Ion implantation is a materials engineering process by which ions of a material are accelerated in an electrical field and impacted into a solid. This process is used to change the physical, chemical, or electrical properties of the solid. Ion implantation is used in semiconductor device fabrication and in metal finishing, as well as various applications in materials science research. The ions alter the elemental composition of the target (if the ions differ in composition from the target), stopping in the target and staying there. They also cause many chemical and physical changes in the target by transferring their energy and momentum to the electrons and atomic nuclei of the target material. This causes a structural change, in that the crystal structure of the target can be damaged or even destroyed by the energetic collision cascades.
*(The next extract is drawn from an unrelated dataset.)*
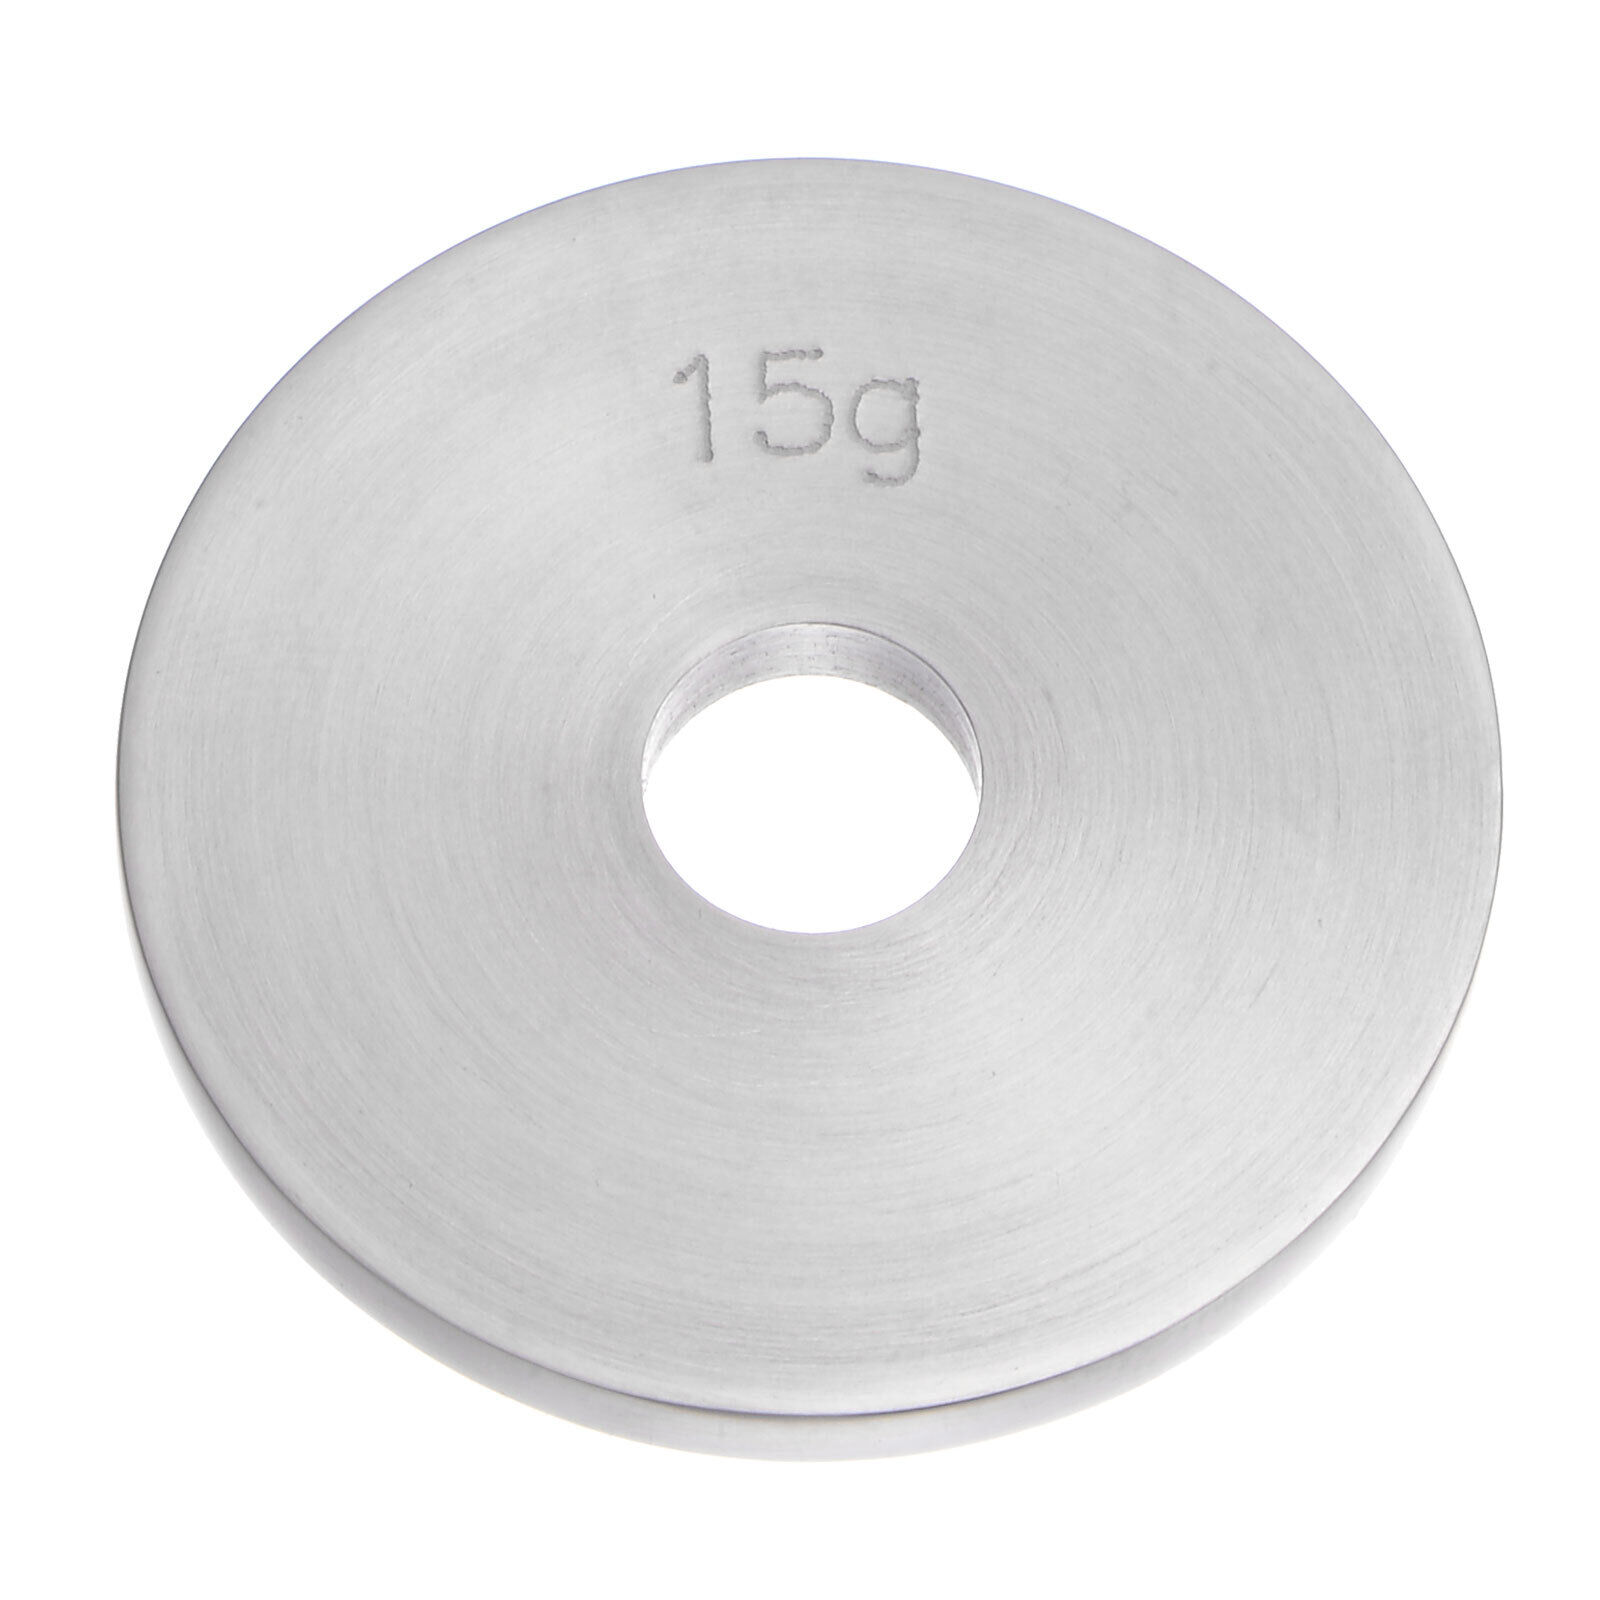 Slotted Calibration Weight 15g M1 Precision 2cr13 Steel For Digital Scales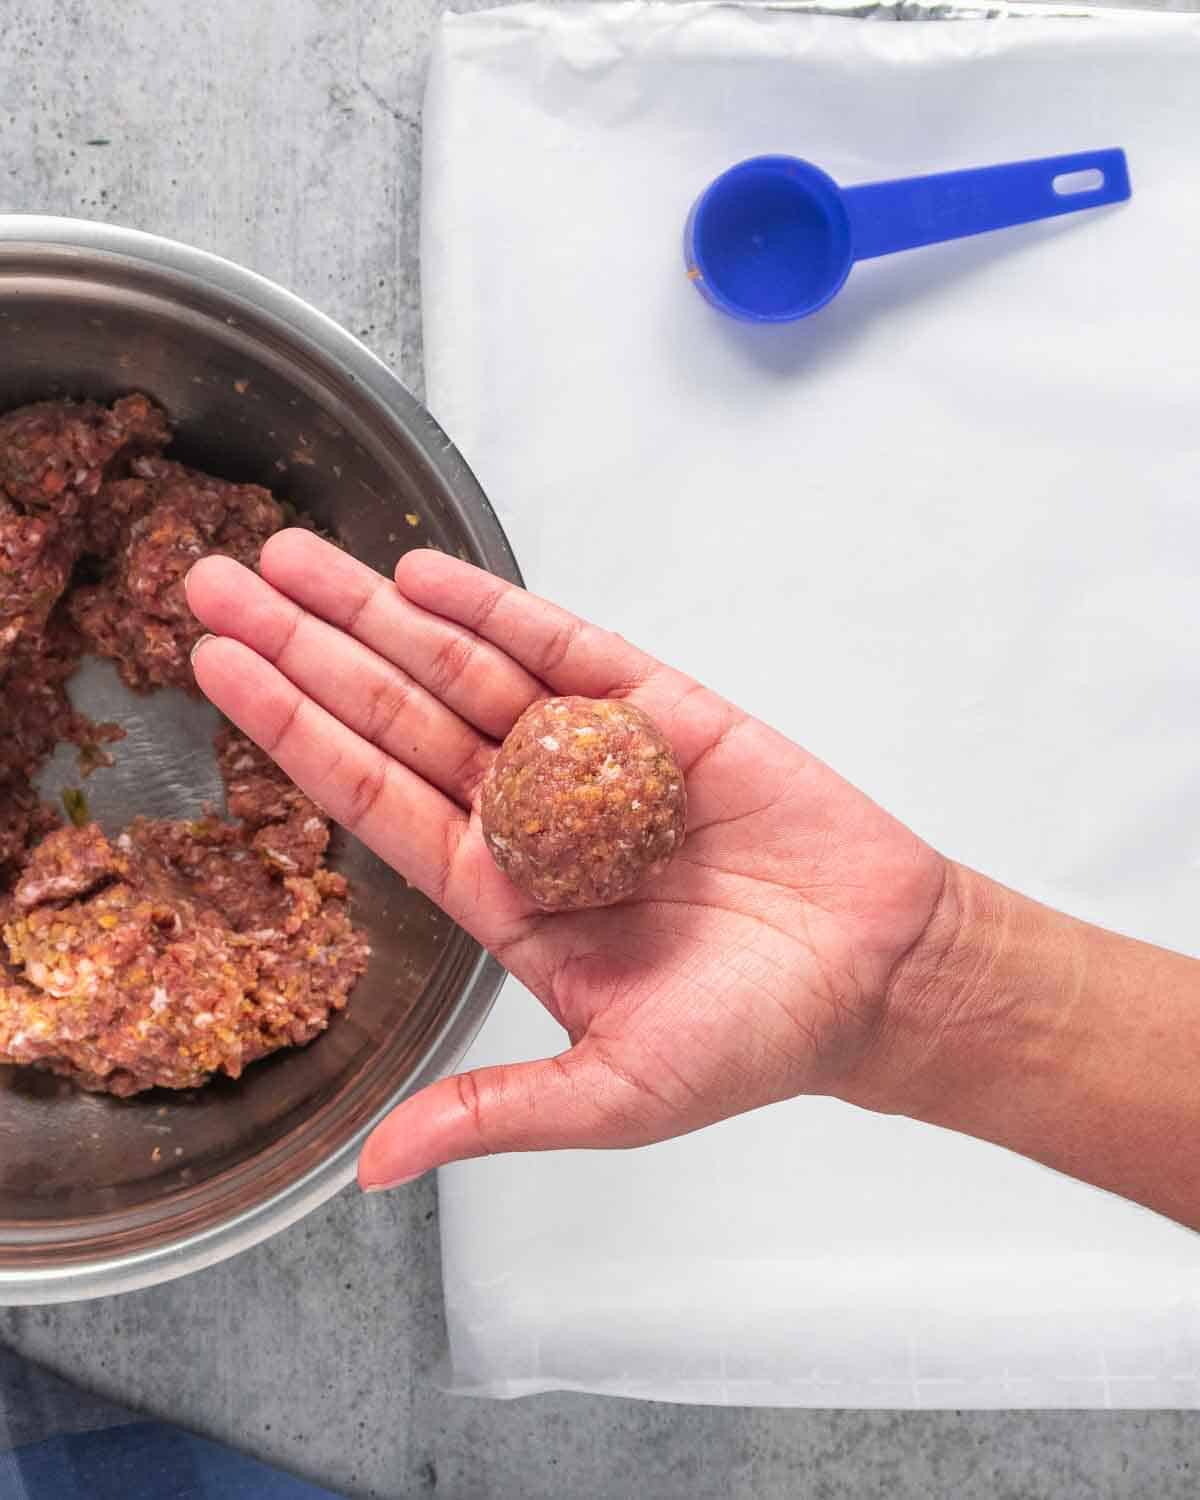 Formed meatballs on a woman's hand.

Because the ions have masses comparable to those of the target atoms, they knock the target atoms out of place more than electron beams do. If the ion energy is sufficiently high (usually tens of MeV) to overcome the coulomb barrier, there can even be a small amount of nuclear transmutation.

Ion implantation equipment typically consists of an ion source, where ions of the desired element are produced, an accelerator, where the ions are electrostatically accelerated to a high energy, and a target chamber, where the ions impinge on a target, which is the material to be implanted. Thus ion implantation is a special case of particle radiation. Each ion is typically a single atom or molecule, and thus the actual amount of material implanted in the target is the integral over time of the ion current. This amount is called the dose. The currents supplied by implanters are typically small (microamperes), and thus the dose which can be implanted in a reasonable amount of time is small. Therefore, ion implantation finds application in cases where the amount of chemical change required is small.